Methods: Four thousand four hundred sixty nine seniors (60 years and above) were draw from a cross-sectional study conducted in three urban districts and three rural counties of Shandong Province in China. Non-visiting within the past 2 weeks and non-hospitalization in previous year are used to measure non-use of healthcare services. Chi-square test is used to compare the prevalence of non-use between empty-nesters and non-empty-nesters. Multivariate logistic regression analysis is employed to identify the risk factors of non-use among empty-nest seniors.

Results: Of 4469 respondents, 2667(59.7 %) are empty-nesters. Overall, 35.5 % of the participants had non-visiting and 34.5 % had non-hospitalization. Non-visiting rate among empty-nest elderly (37.7 %) is significantly higher than that among non-empty-nest ones (32.7 %) (P = 0.008).
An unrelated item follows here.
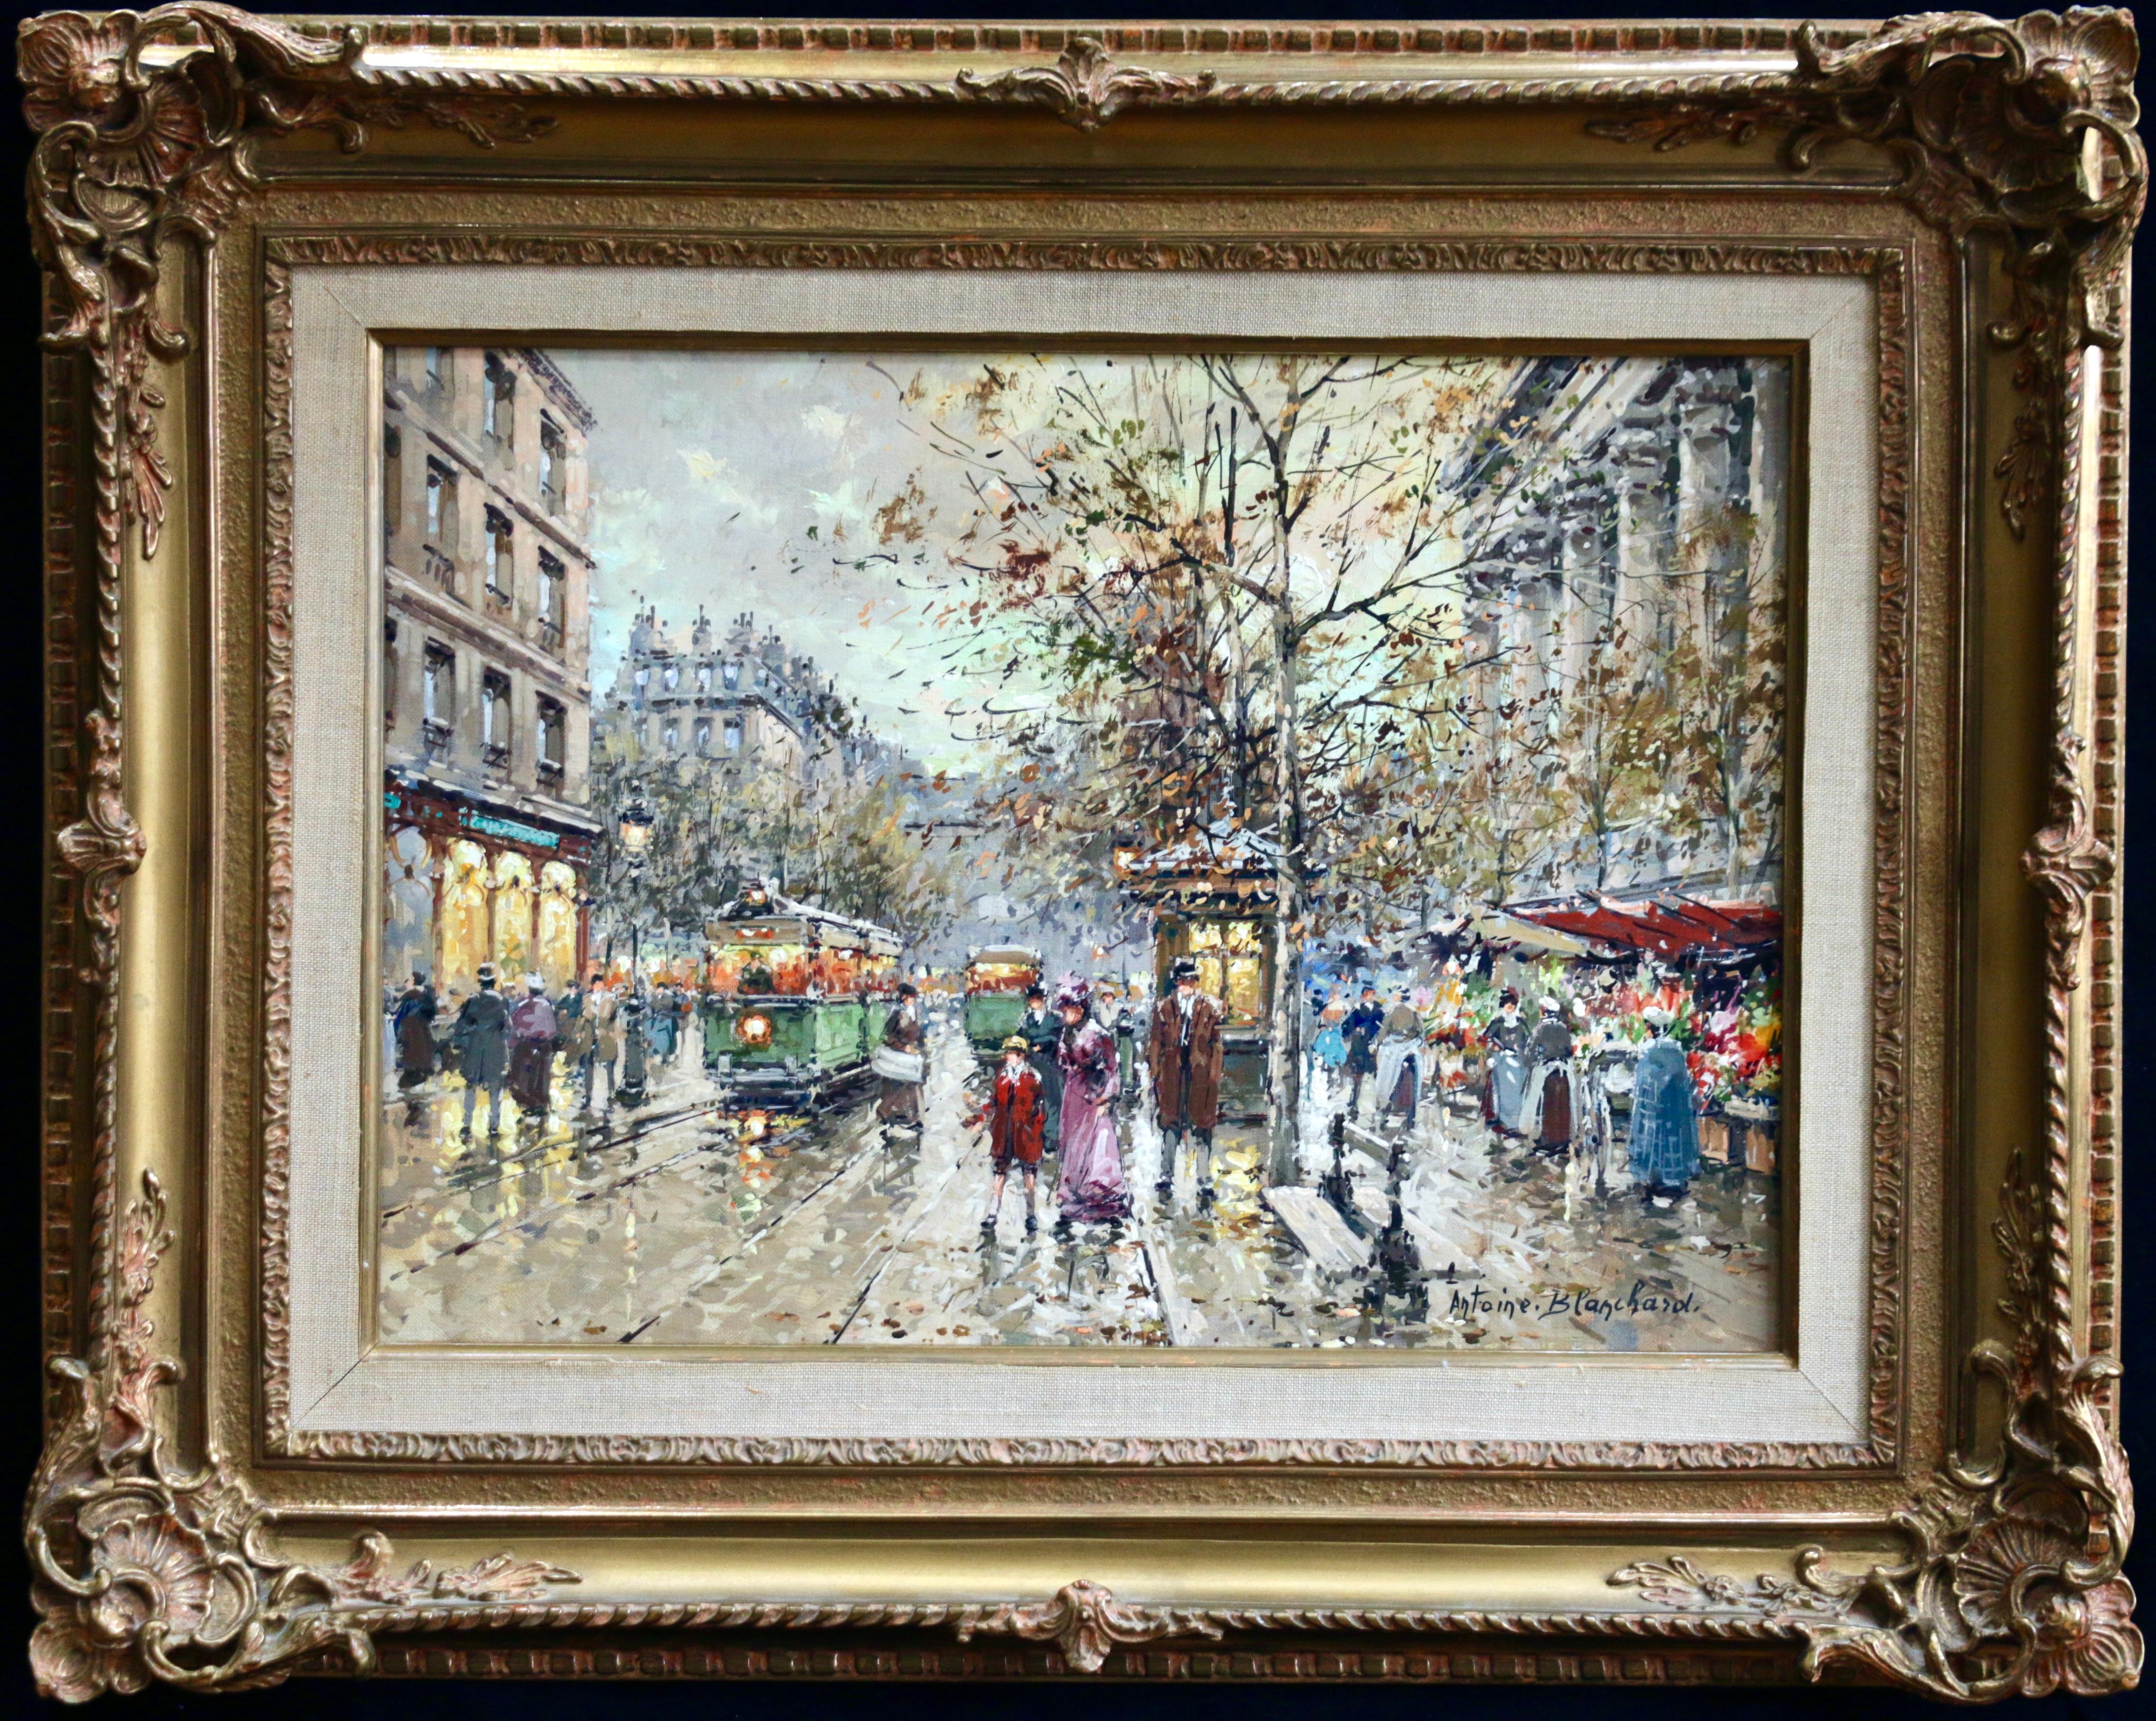 Marché aux Fleurs - de la Madeleine - 20th Century, City Landscape by Blanchard - Painting by Antoine Blanchard

Non-hospitalization rate among empty-nesters (36.1 %) is slightly higher than that among non-empty-nesters (31.6 %) (P = 0.166). Financial difficulty is the leading cause for both non-visiting and non-hospitalization of the participants, and it exerts a larger negative effect on access to healthcare for empty-nest elderly than non-empty-nest ones. Both non-visiting and non-hospitalization among empty-nest seniors are independently associated with low-income households, health insurance status and non-communicable chronic diseases. The nonvisiting rate is also found to be higher among the empty-nesters with lower education and those from rural areas.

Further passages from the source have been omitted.